Mombasa Uber drivers after switching off their phones in protest against low fares. PHOTO | KEVIN ODIT

What you need to know:

  • Contractors don’t get minimum wage protections, overtime or unemployment insurance.
  • It was Uber’s ability to sidestep those obligations that enabled them to “disrupt” the car service economy.
  • As things stand now, the only certainty that exists is that the headlines and stories will keep coming.

My first job after campus was as an instructor with Outward Bound. Outward Bound does experiential training. By dint of that, I was privileged to train some batches of military cadets.

During that season in my life, I noticed something that was not only peculiar, but very interesting. You could tell where a soldier was by what he complained about: far from the front lines he would complain about cold food, warm beer, and old movies. Near the front lines his complaint would change drastically; if you ask the soldier what he needed, he would say, “Give me more men, give me more ammunition, give me more air support.”

The soldiers who were far from combat had their mind on civilian affairs. Their concerns were for their comfort, not their safety. Yet when they were confronted by the immediacy of danger, they became single-minded; their sole purpose was to win the battle. Their minds and even their bodies become vigilant, taking on a readiness that belonged to the front lines.

My observations underscored the radical difference between how we celebrated Uber’s entry into Kenya; jobs were created, an industry was disrupted and we were over the moon. But I watched drivers of the online taxi hailing company go on strike last week.

To start you off, let me first give you a bit of history.

Uber came into the country in January 2015. Within a month, it had signed up nearly 1,000 Kenyan drivers onto its platform.

By mid-last year, the company also announced that it had clocked eight million kilometres in Kenya. It was a firm of the digital age. Consumers were empowered by their devices. They could check prices and reviews in real-time, and broadcast their experience - good or bad - to the world. They were active participants in the transaction, not passive recipients of marketing messages.

So what changed?

There are two things that I think happened. The first was the typical Kenyan “Simu ya Jamii” syndrome. You make an emotional decision to get into a business because others are getting into it. You see, as humans, we are emotional beings, and no matter how rational we might think we are, we are often going to be in situations where we make emotional decisions about our investments.

Take the example of deciding which house to buy, your emotional side may get wrapped up in ideas bringing you back to the type of house you grew up in, where you experienced familial love, good memories and positive relationships with family. Thinking about buying a house like your childhood one makes you feel warm and fuzzy inside, and you may start looking at houses like that, even if they’re more expensive than what you can afford.

The emotional side tells you that you’ll be happier in that type of house, and in the end you buy a bigger house than you can afford because your emotional side told you you’d be happier in that house. The truth is you could probably be happy in a much smaller house.

Yet I will be the first one to tell you that it is extremely difficult to be the ‘rational’ investor in an irrational environment. And I’m talking from experience. You need to take your view from a time, discipline and comfort perspective.
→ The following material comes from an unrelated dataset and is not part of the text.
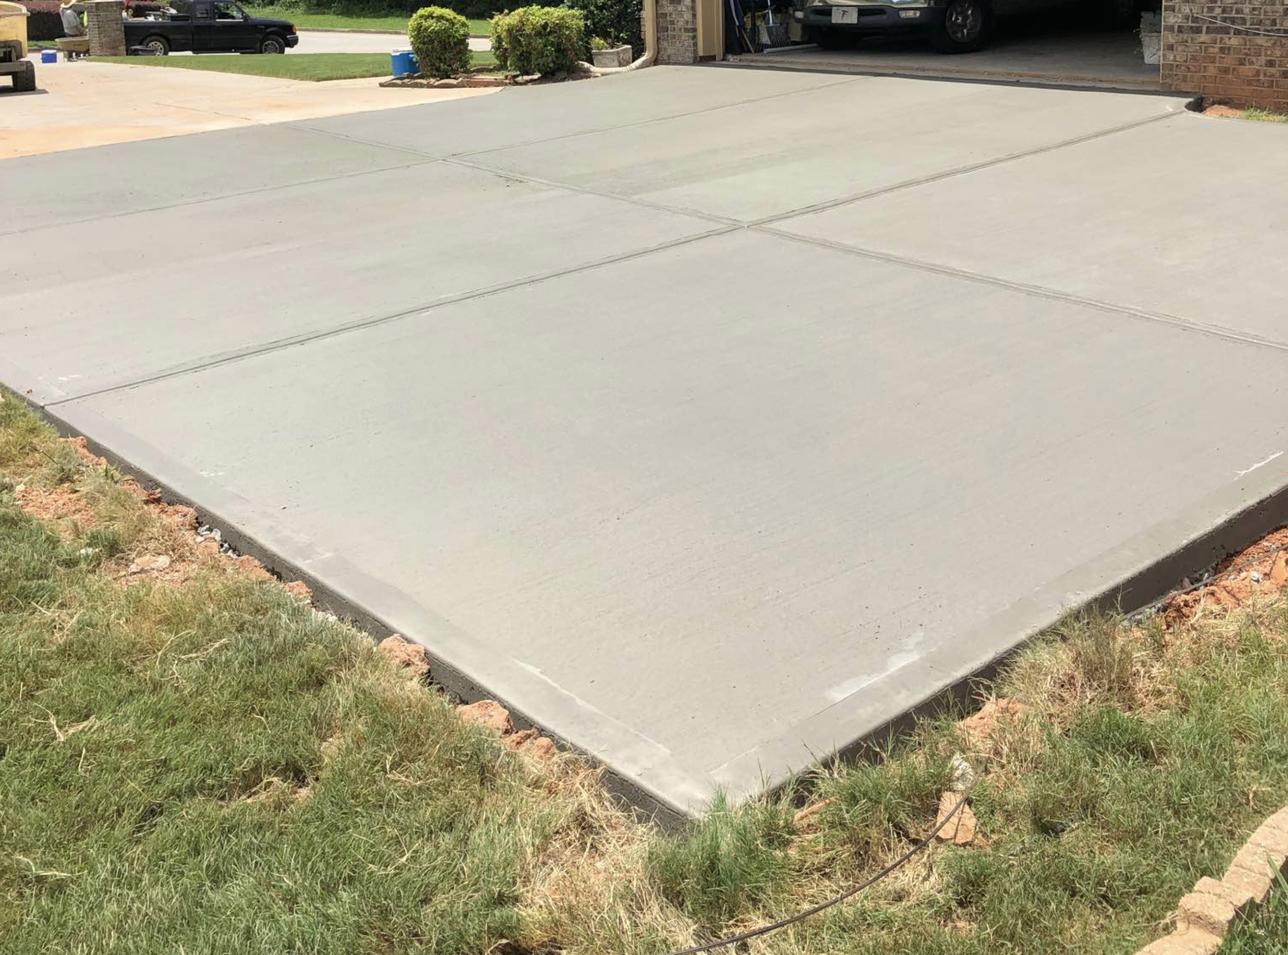 this image shows patio in Fullerton, California

The second factor is another Kenyan phenomenon. The Uber drivers did not read the fine print. If they did, they would have realised that they voluntarily signed up as independent contractors. Not as employees.
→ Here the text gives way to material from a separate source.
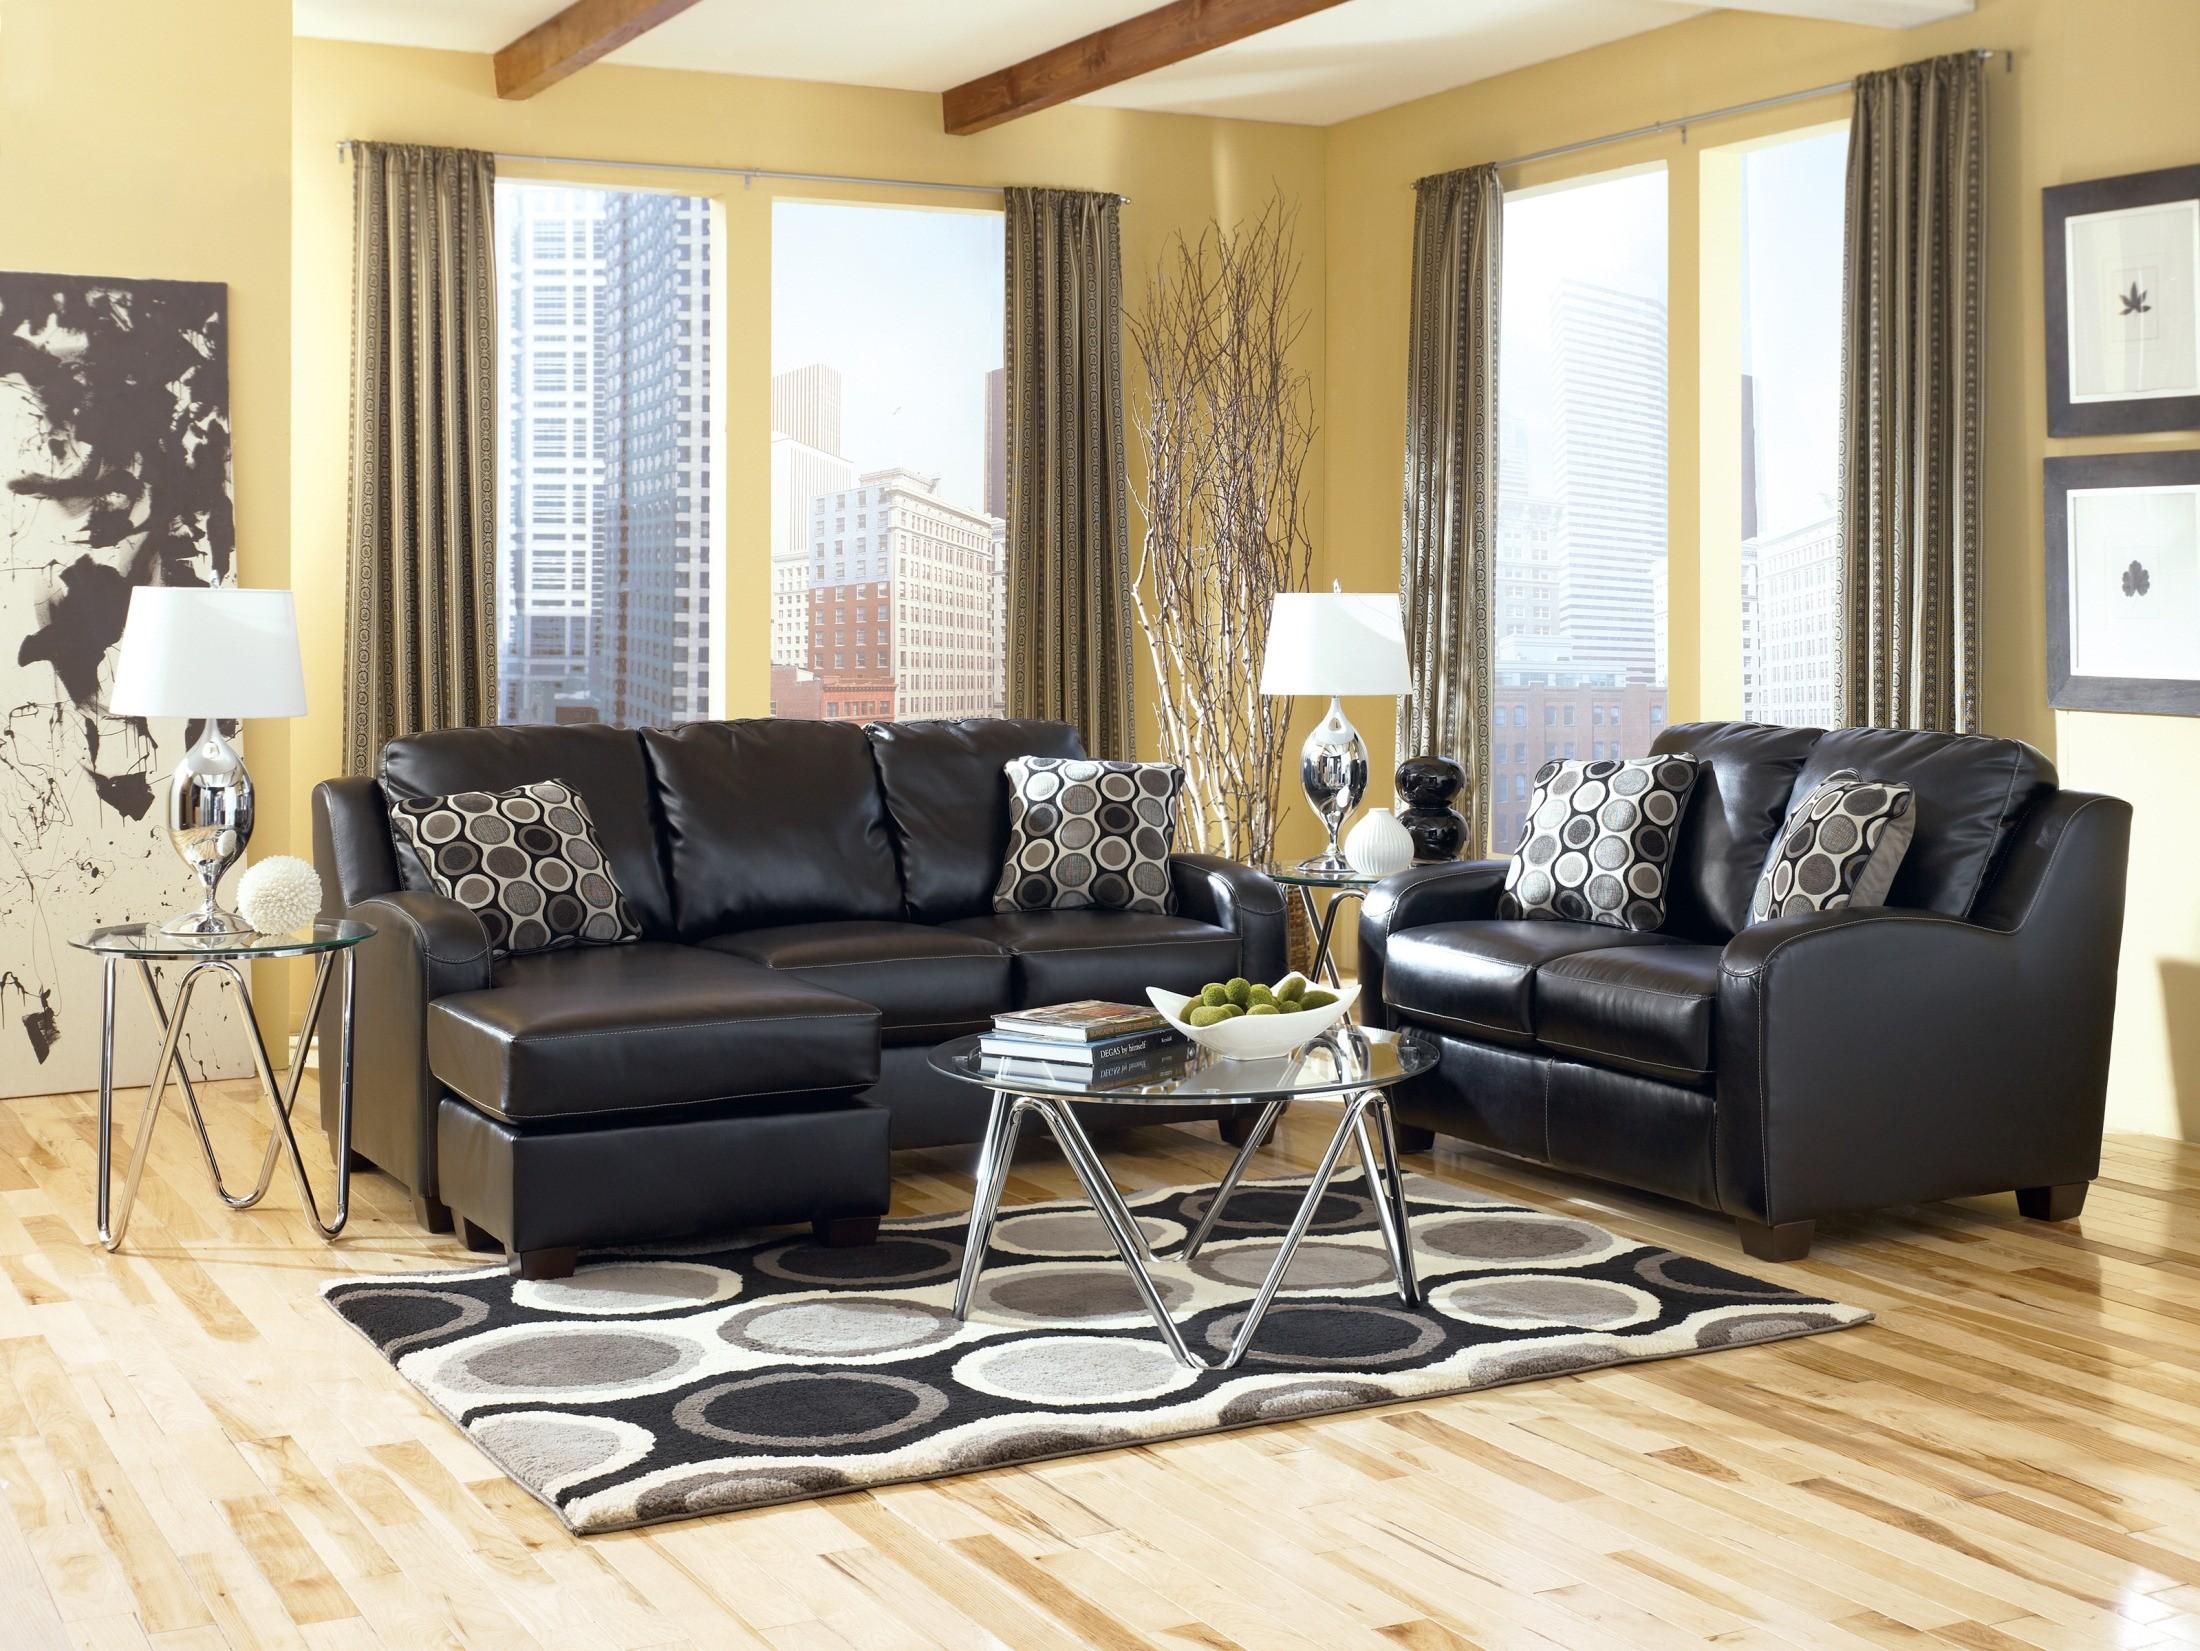 Ashley furniture devin durablend black sofa chaise queen for Ashley durablend chaise

My dear readers, contractors don’t get minimum wage protections, overtime or unemployment insurance.

If you incur any work expenses in the course of duty you are on your own.

Think of it like this, it was Uber’s ability to sidestep those obligations that enabled them to “disrupt” the car service economy.

As things stand now, the only certainty that exists is that the headlines and stories will keep coming. Watch this space.